Treating these as one KPI (“return rate up, run discount”) is how teams lose a full quarter.

The first 48 hours after you start seeing the wave
Three moves to run today — not at month-end:
- Pull the Customer Returns Report for the last 30 days, aggregate by
ASIN × reason. The top three SKUs typically account for around 60% of return volume. That’s where the entire intervention lives. - Isolate the high-return SKUs and pause their ads. Continuing to drive paid traffic into a listing that’s actively returning is adding fuel. Stop the bleed before you optimize anything.
- Edit A+ content and the main image to answer the most frequent return reason inside the listing itself — not in a follow-up email. The next cohort of buyers shouldn’t fall into the same trap the last cohort already proved exists.

How to decide: save the SKU, or clear it?
After the A+ / size chart / main-image revisions have been live for 2–3 weeks, pull the return-rate delta:
- Return rate down ≥ 30%. Keep saving it. Now layer in review velocity (Vine, follow-up email) and hold price steady.
- Return rate down 10–30%. One more round of supply-chain changes — incoming material spec, packaging, or unit QA. Give it another 2–3 weeks.
- Return rate down < 10%. Accept the verdict. Pause ads, run a clearance Coupon to drain inventory, and redirect the budget and the SKU slot to a new launch.
The cost of infinitely life-supporting an unprofitable SKU in Q2 is roughly the cost of two new-product launches. That’s the trade-off.

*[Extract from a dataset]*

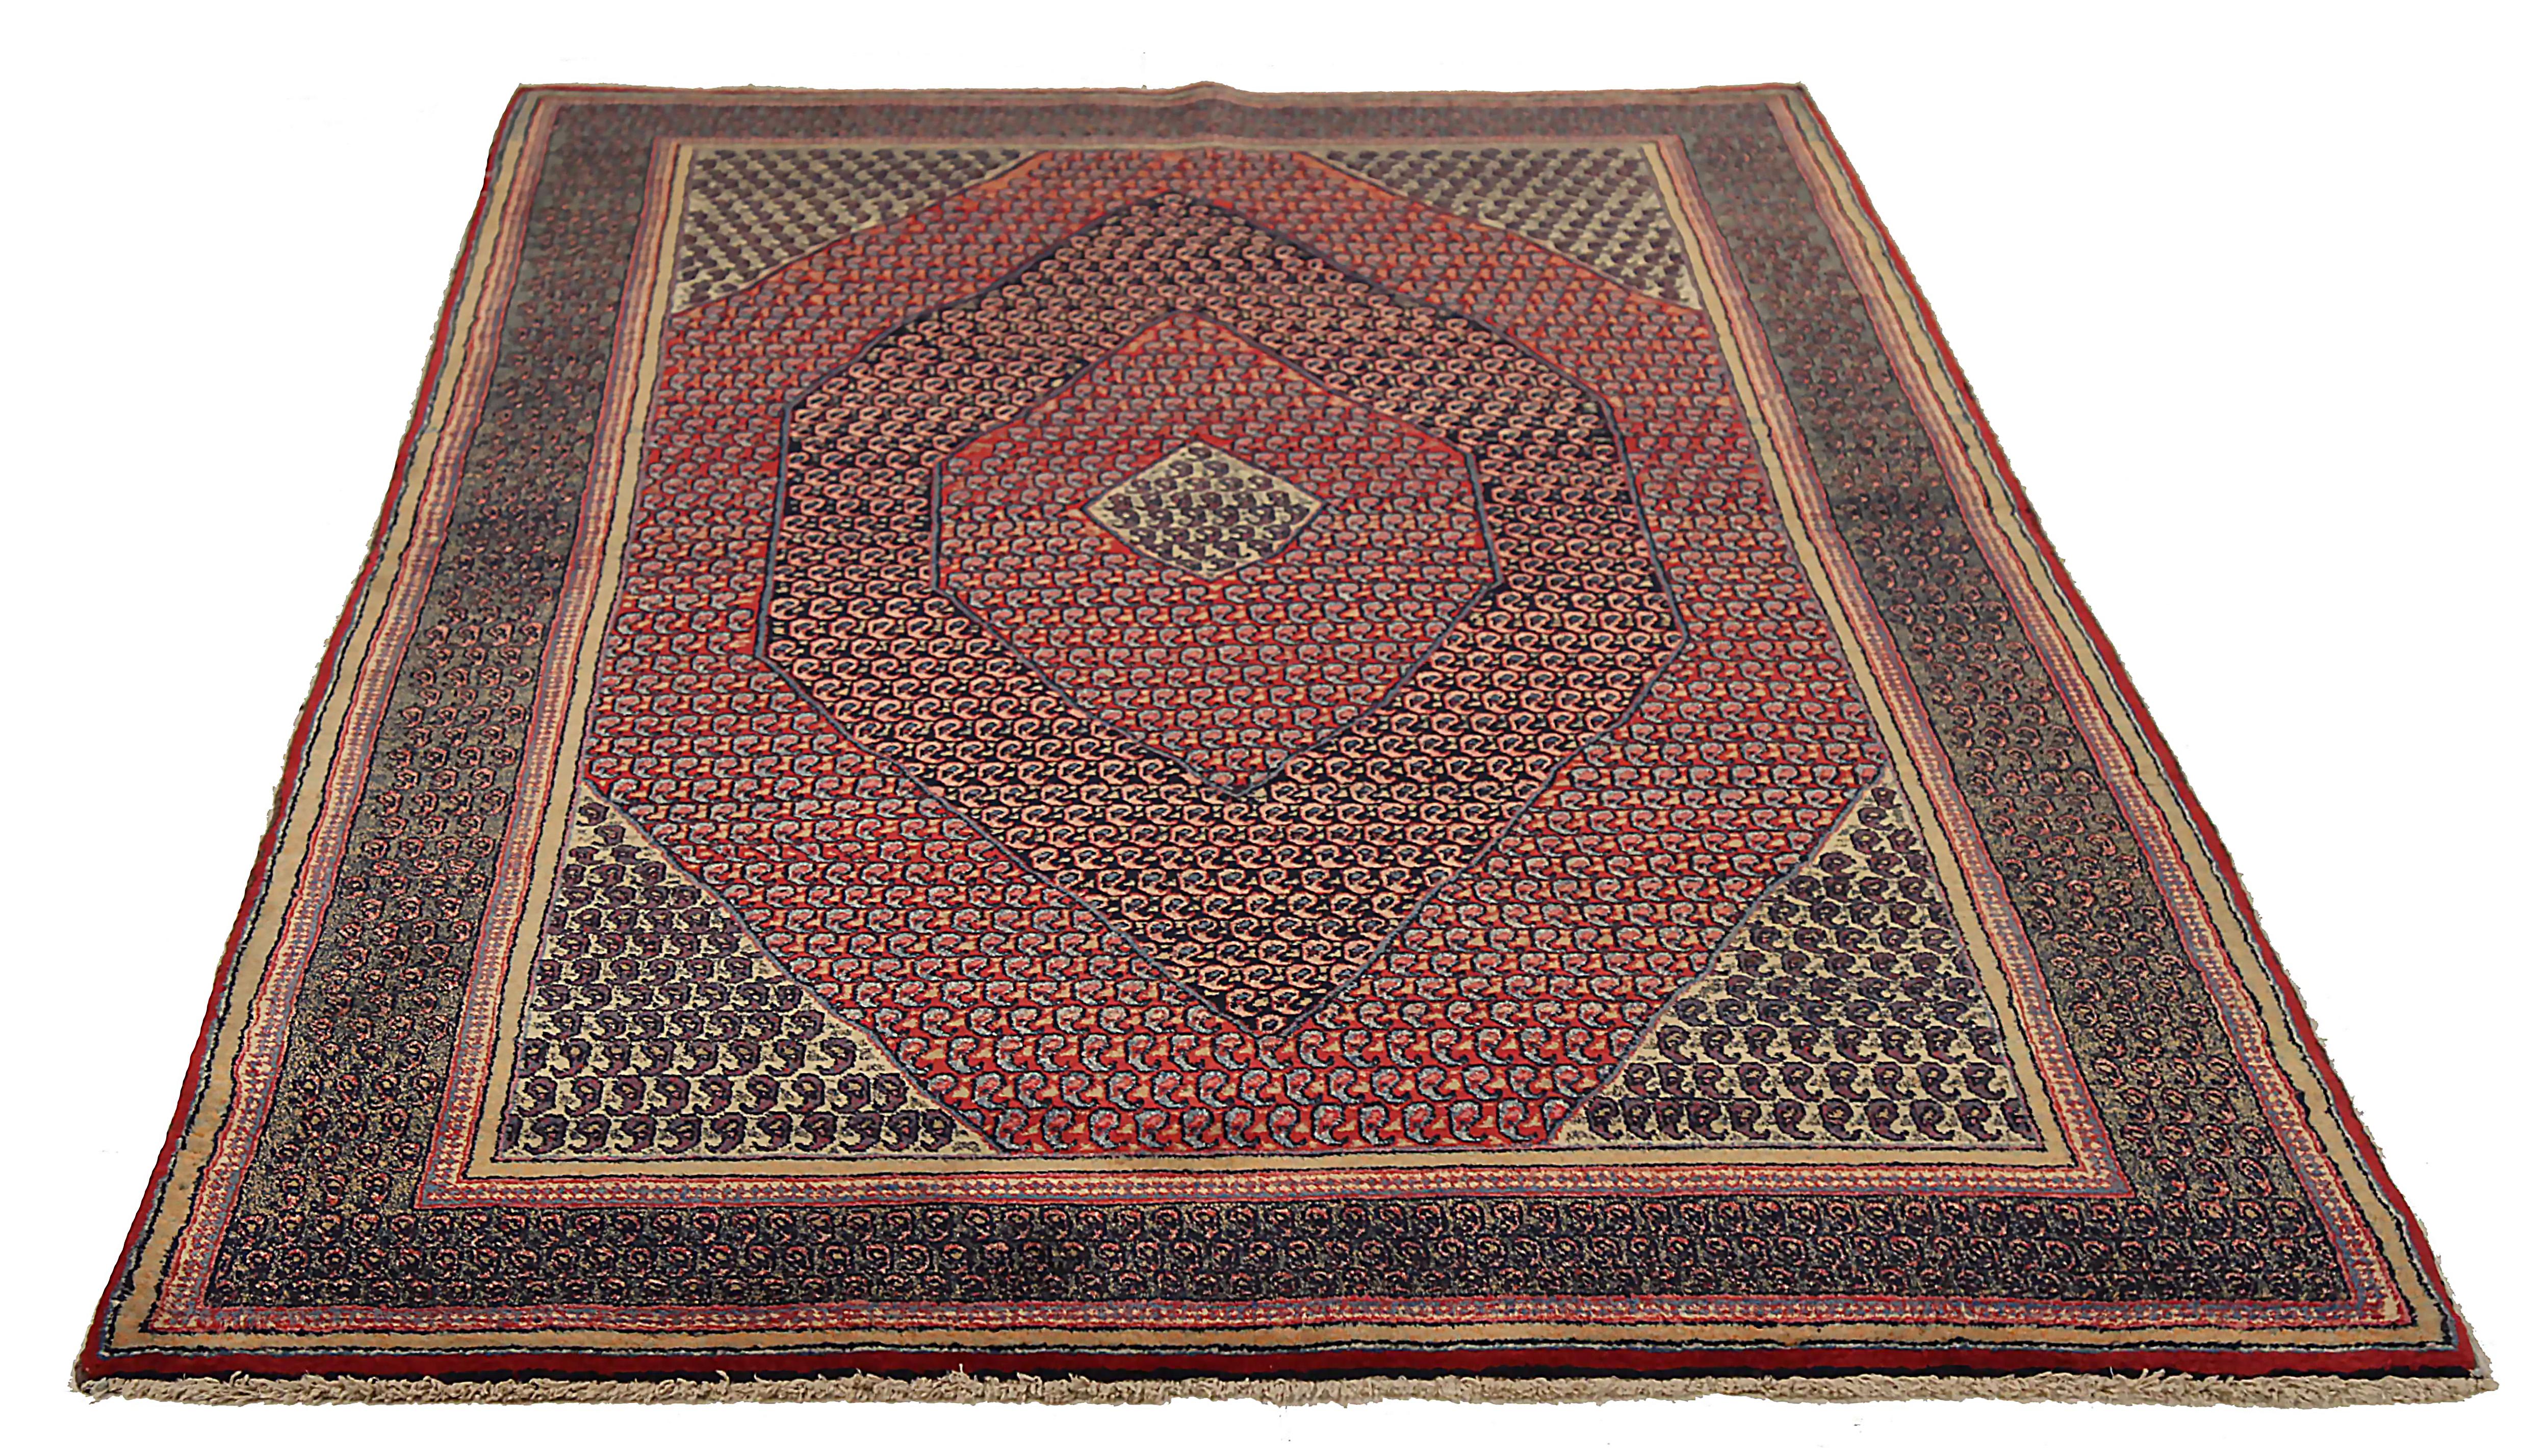 Antique Persian area rug handwoven from the finest sheep’s wool. It’s colored with all-natural vegetable dyes that are safe for humans and pets. It’s a traditional Mashad design handwoven by expert artisans. It’s a lovely area rug that can be

The AI-assisted signal layer
Return-reason distribution, review-content shifts, and new-keyword spikes in negative reviews are too noisy for a human to watch daily. Three jobs that a simple agent should own:
- Daily aggregation of the Returns Report plus new reviews, producing per-ASIN Top-3 return reasons.
- Anomaly detection on negative-review language — flag when terms like “doesn’t fit,” “broke after a week,” or “smaller than described” start showing up at unusual frequency.
- Listing-vs-reality diff. Cross-reference return reasons with the keywords in your own title / bullet / A+ copy. Where the gap is biggest, you are — in effect — paying to mislead the buyer. Fix the copy first; then fix the conversion.
You don’t need a sophisticated ML stack for any of this. A scheduled script, the Amazon reports, and an LLM summarization step are enough.

Q2 runway: three milestones before Prime Day
If you run only one calendar as an Amazon operator between now and June, this is it:
- End of April — spring-promo return triage complete. Every high-return SKU has a decision on file: save / re-fix / clear.
- Mid-May — detail pages hardened for Prime Day. A+, size chart, review gaps, and backend keywords all closed.
- Early June — ad budget re-allocated around healthy SKUs and confirmed Prime Day hero products. IPI restored to 500+ so restock limits don’t bite during the window that matters.
Miss April, you negotiate the rest of Q2 with less margin than you planned for. Miss May, your Prime Day listing isn’t at full strength. Miss June, the window to pre-position for the biggest event of the year is already closed.

Last line
Sales are the front of house. Returns are the back of house — the truer scoreboard, and the slower one. What the front of house celebrated in March, the back of house reports in late June.
The sellers who quietly out-earn their cohort in Q2 are not the ones who ran the boldest spring promo. They’re the ones who watched the return-reason mix in weeks 2–4 and made three uncomfortable calls before the mid-April momentum faded.
If you only take one thing from this: stop reading the month-end return-rate number. Read the weekly delta by ASIN × reason, and act on the top three. Everything else in the Q2 playbook is downstream of that discipline.